- [Work required] From the line containing "Father Of The" to the last line of the data, both included, transcribe each line exactly, leaving out pictures and adding nothing.
━━━ Data shown
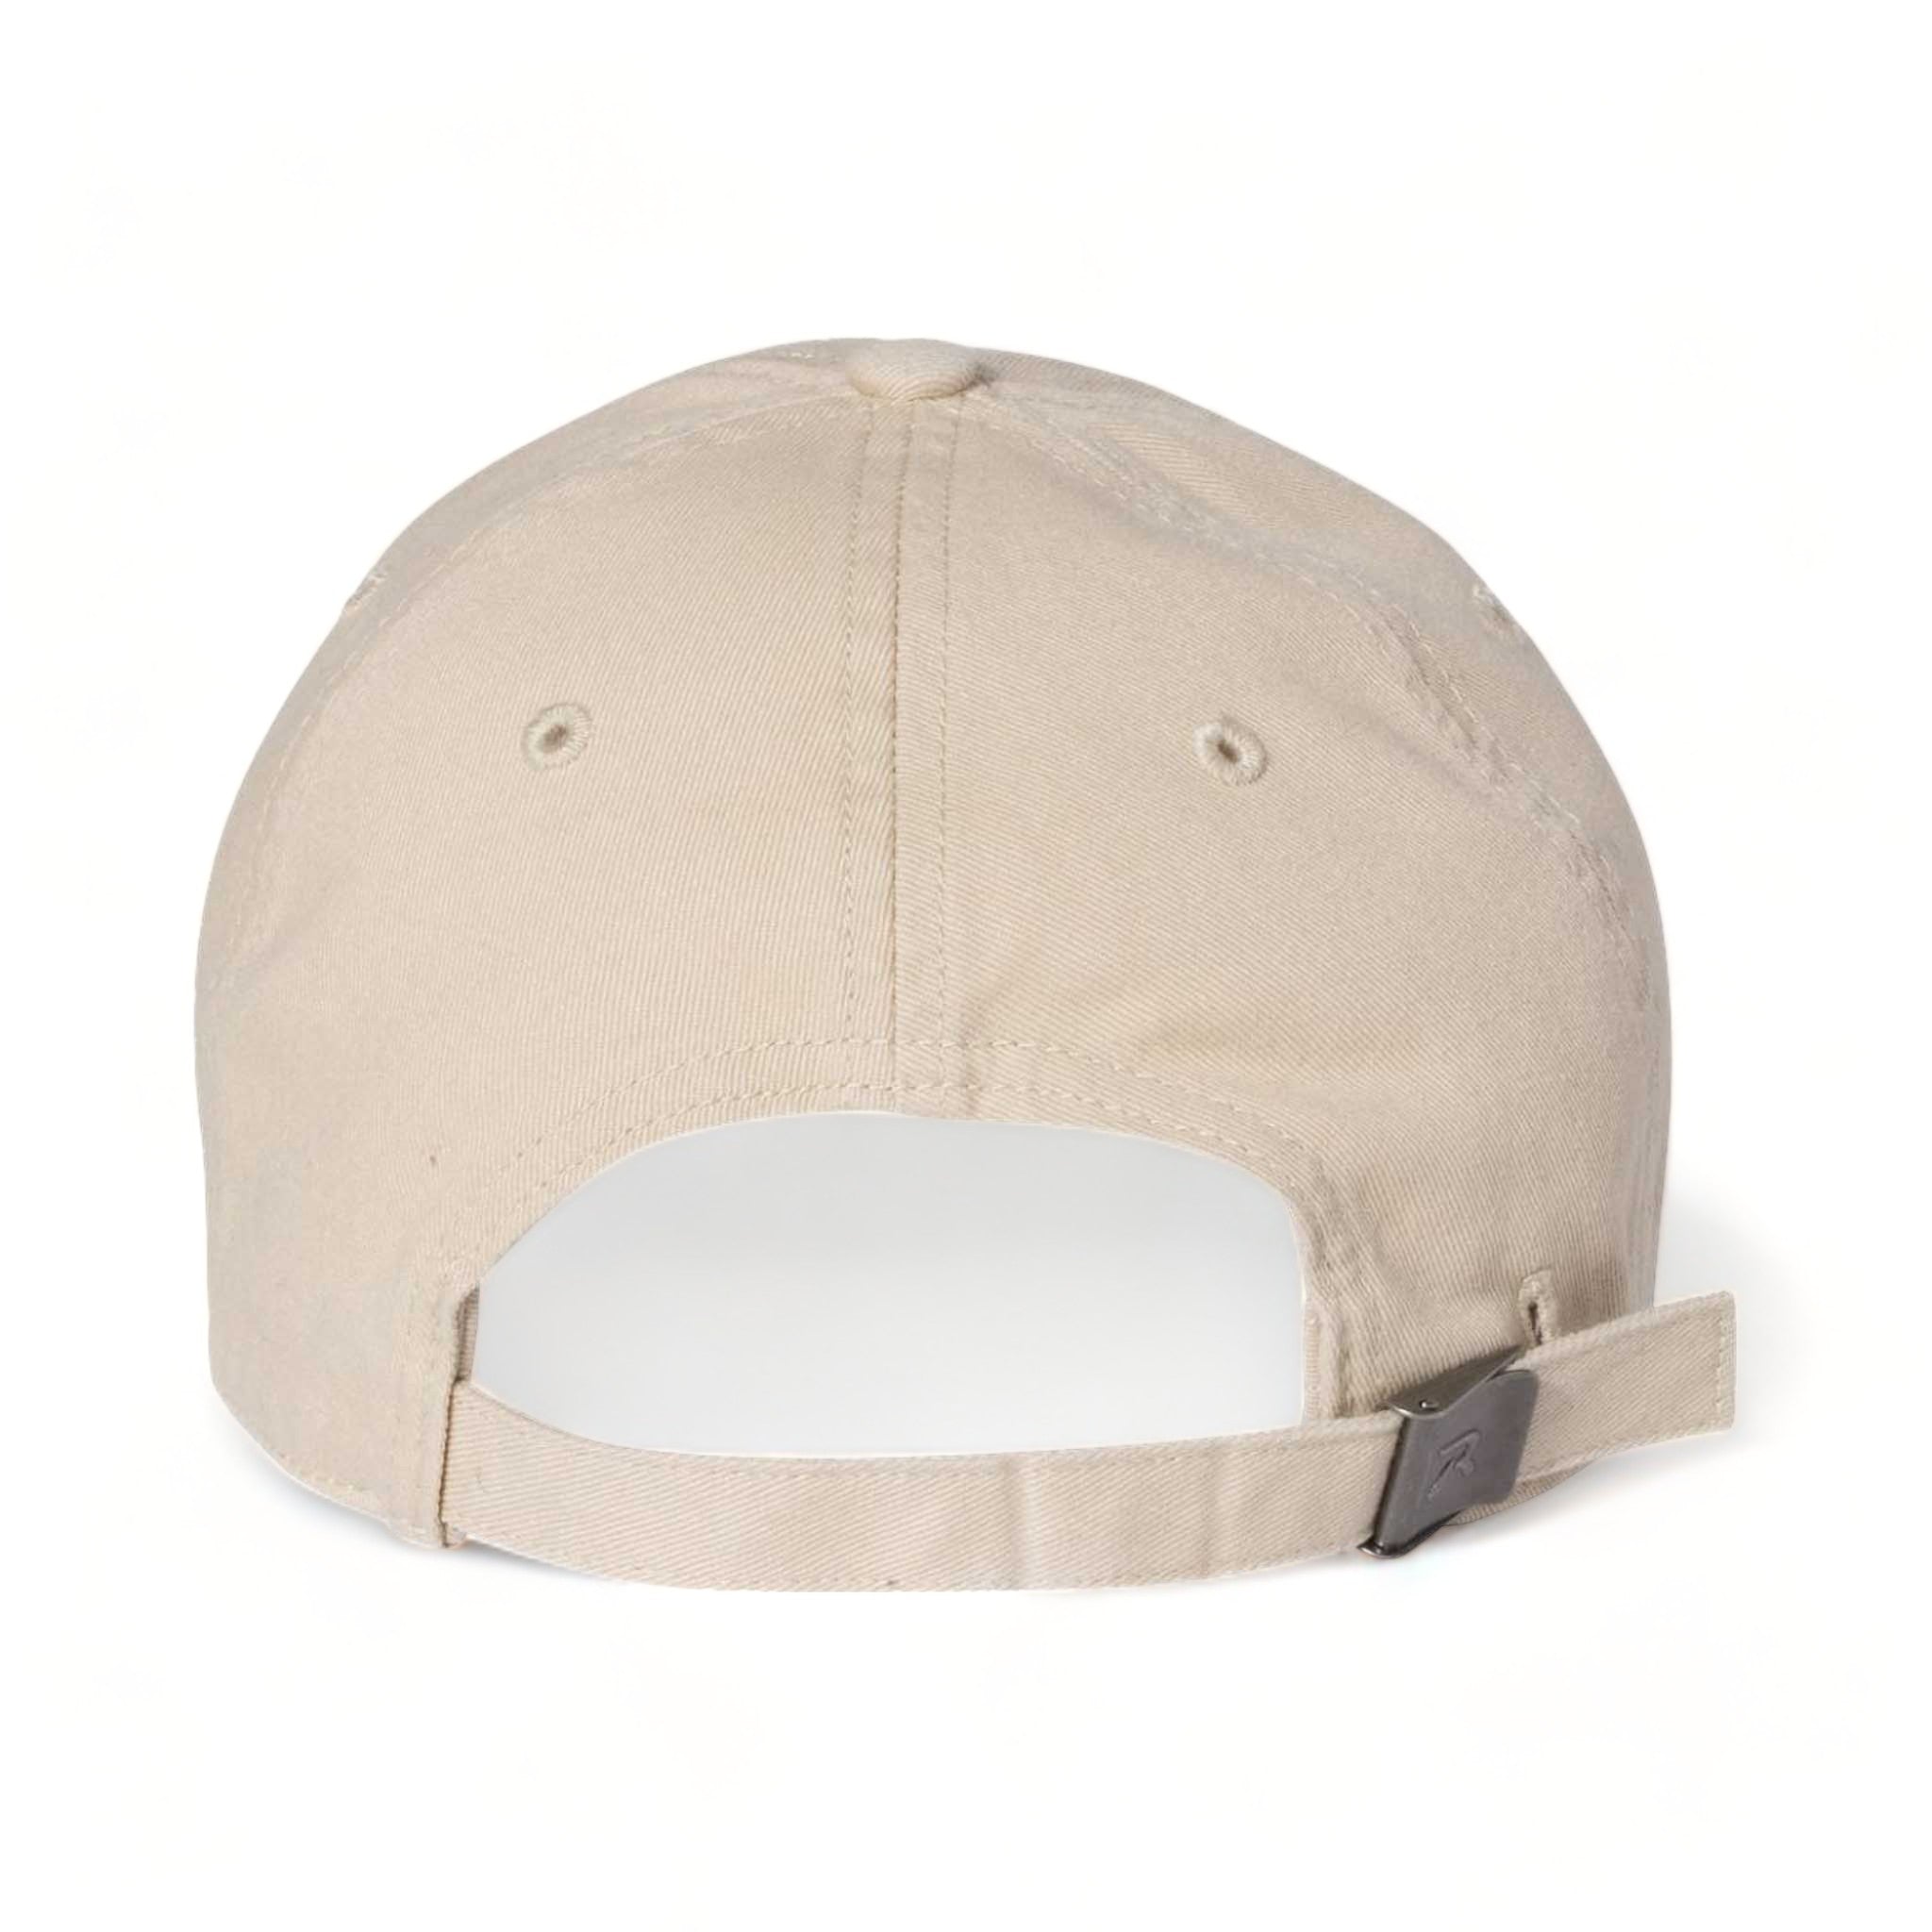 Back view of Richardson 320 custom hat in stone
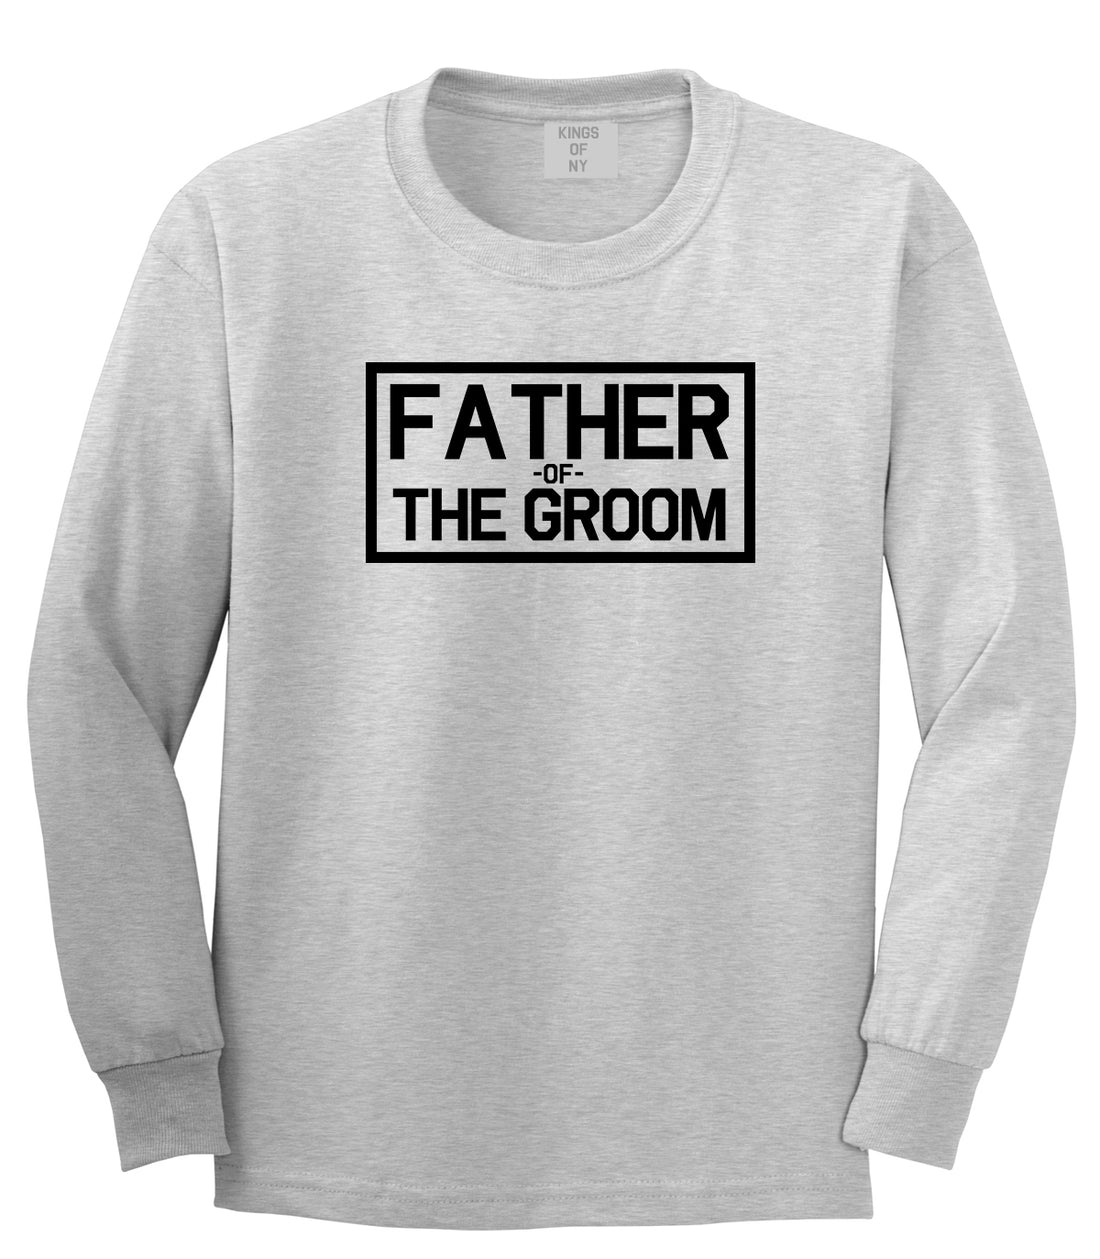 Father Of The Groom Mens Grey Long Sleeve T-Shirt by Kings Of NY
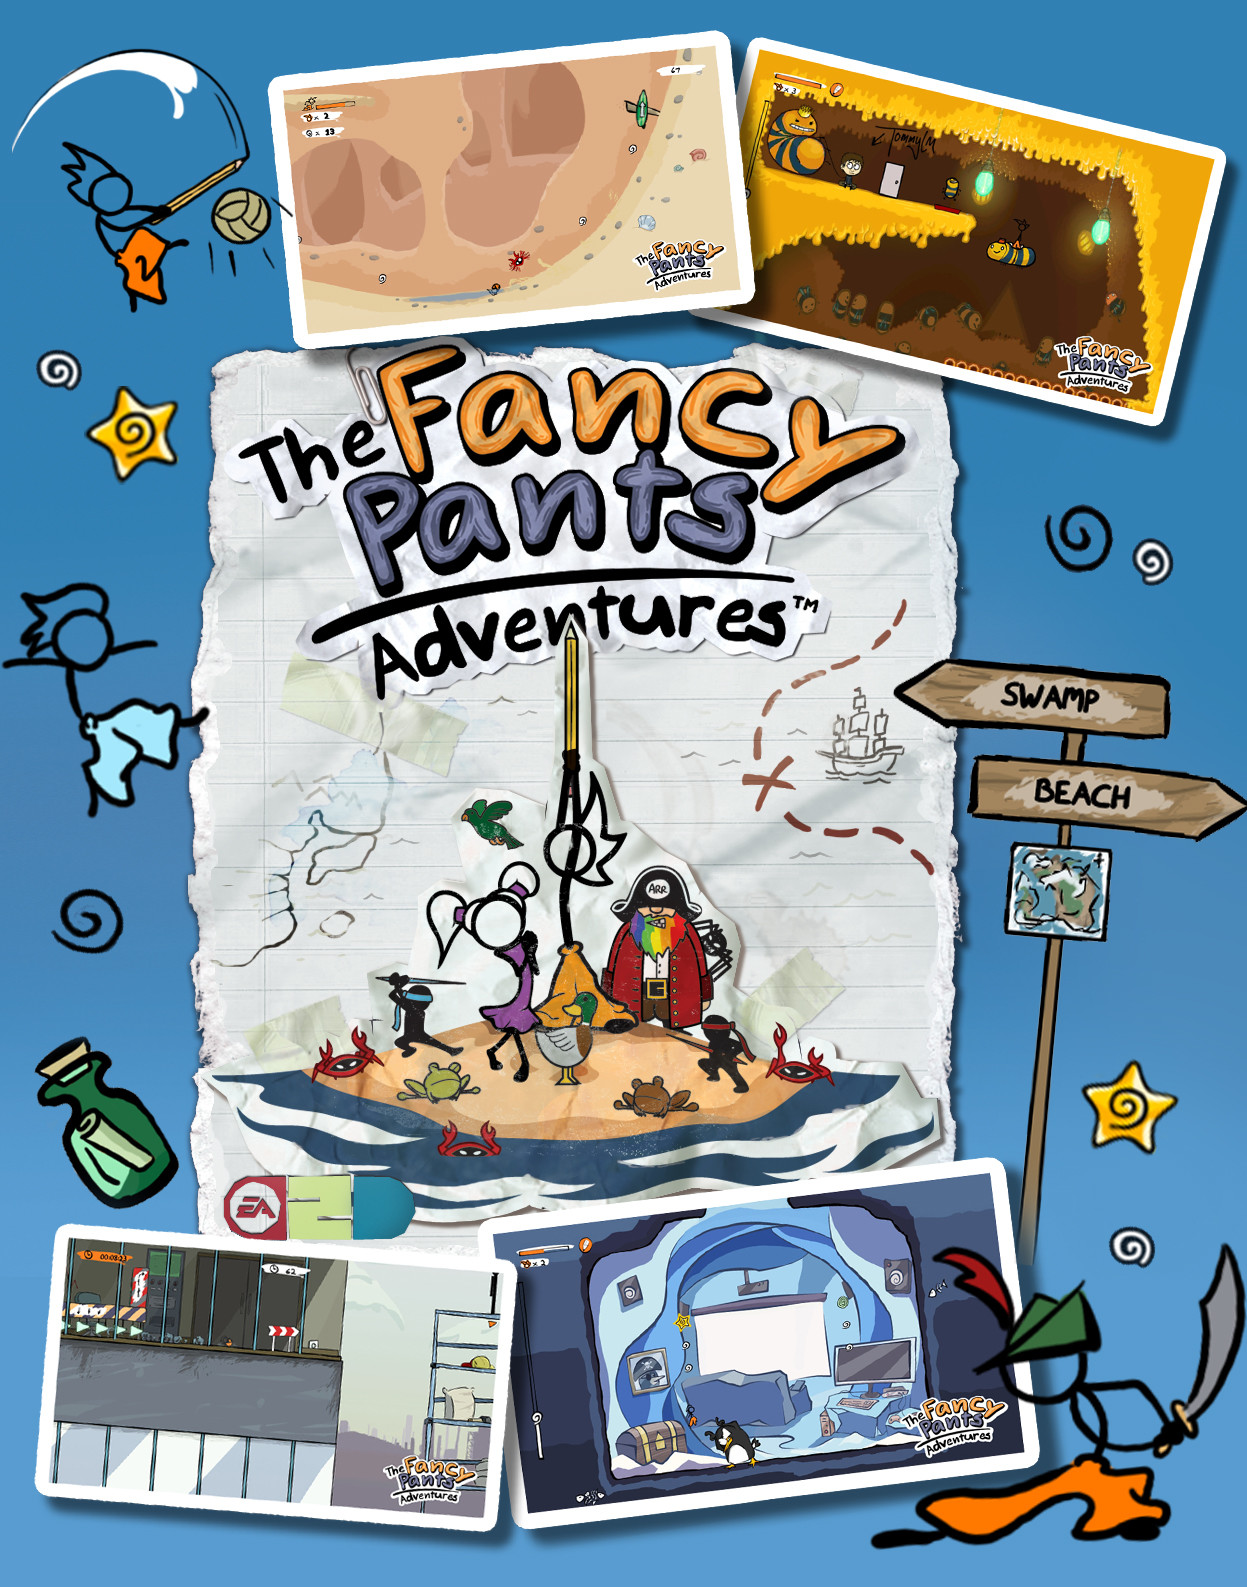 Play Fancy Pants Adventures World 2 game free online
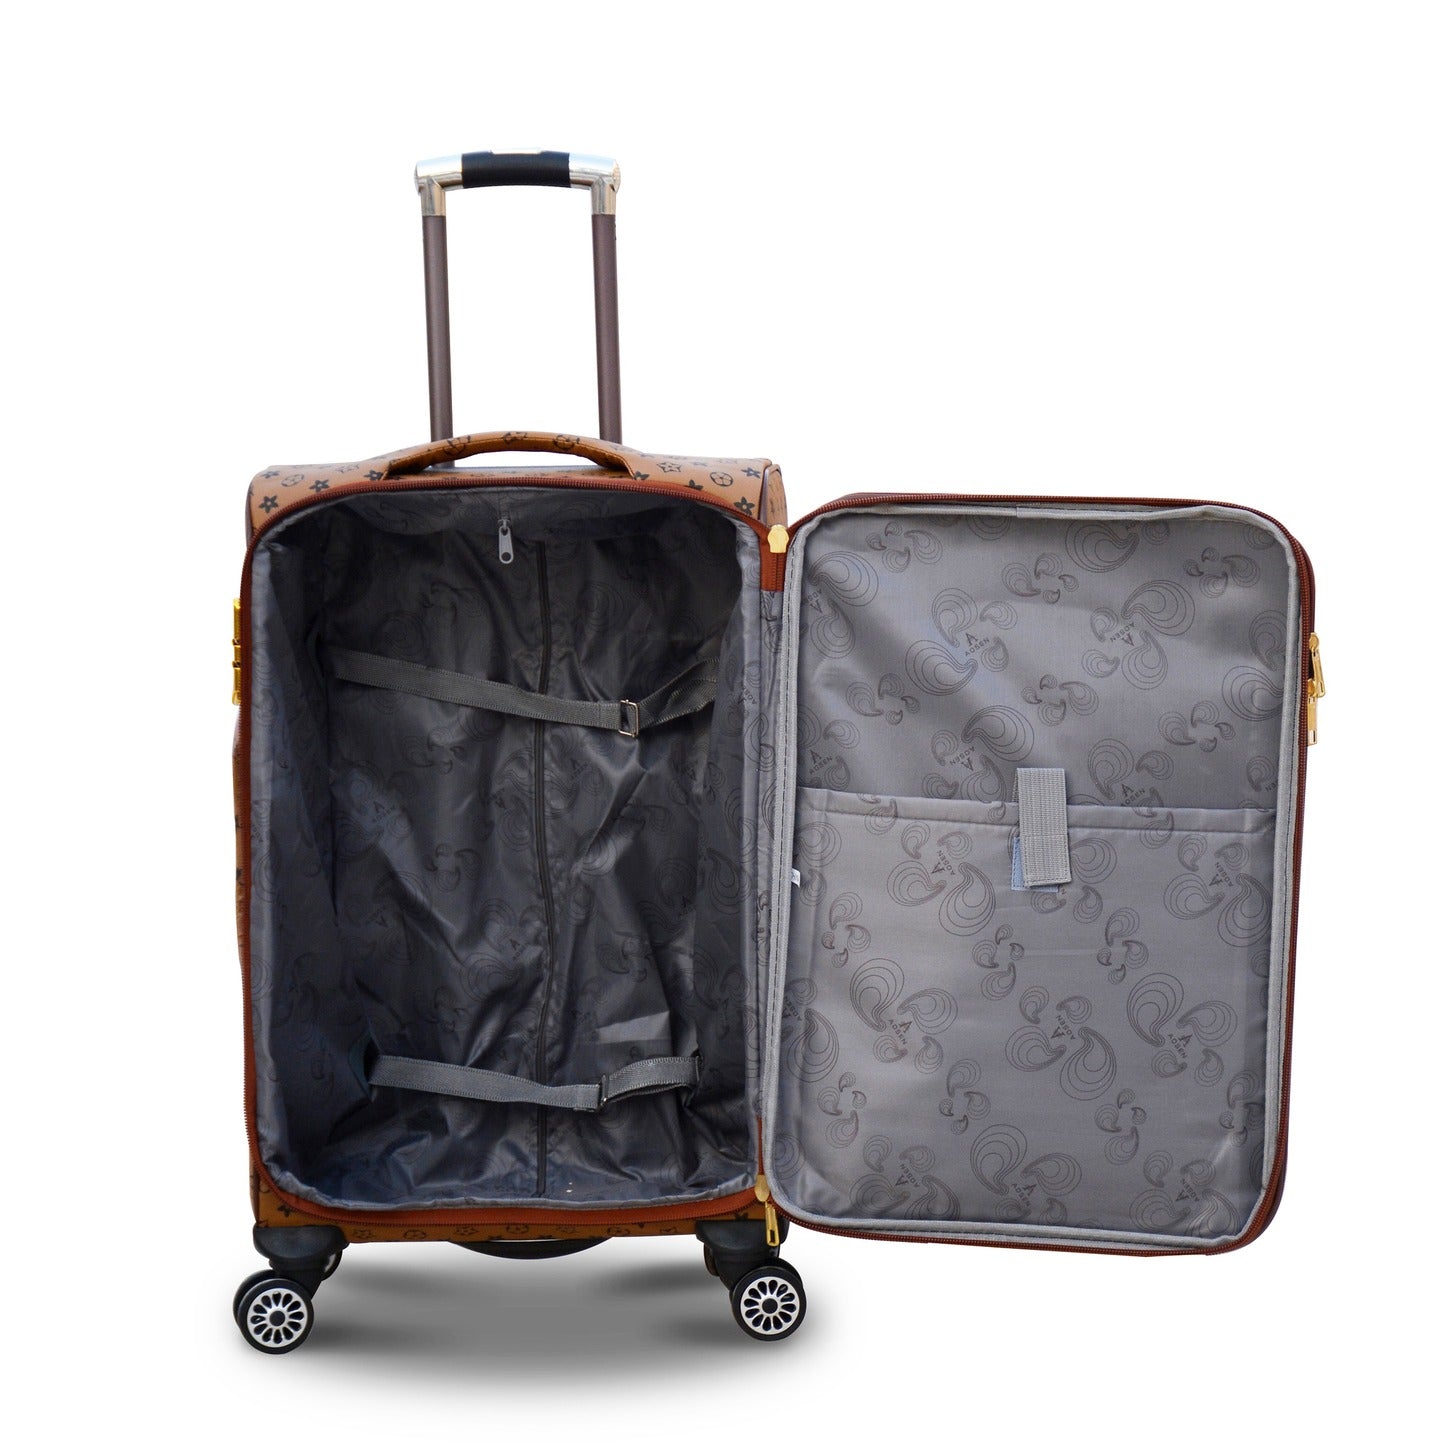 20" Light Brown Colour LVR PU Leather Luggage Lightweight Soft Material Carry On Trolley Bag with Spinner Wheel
━━━━━━
- [Result of this exercise]
 Father Of The Groom Mens Grey Long Sleeve T-Shirt by Kings Of NY
 Play Fancy Pants Adventures World 2 game free online
 20" Light Brown Colour LVR PU Leather Luggage Lightweight Soft Material Carry On Trolley Bag with Spinner Wheel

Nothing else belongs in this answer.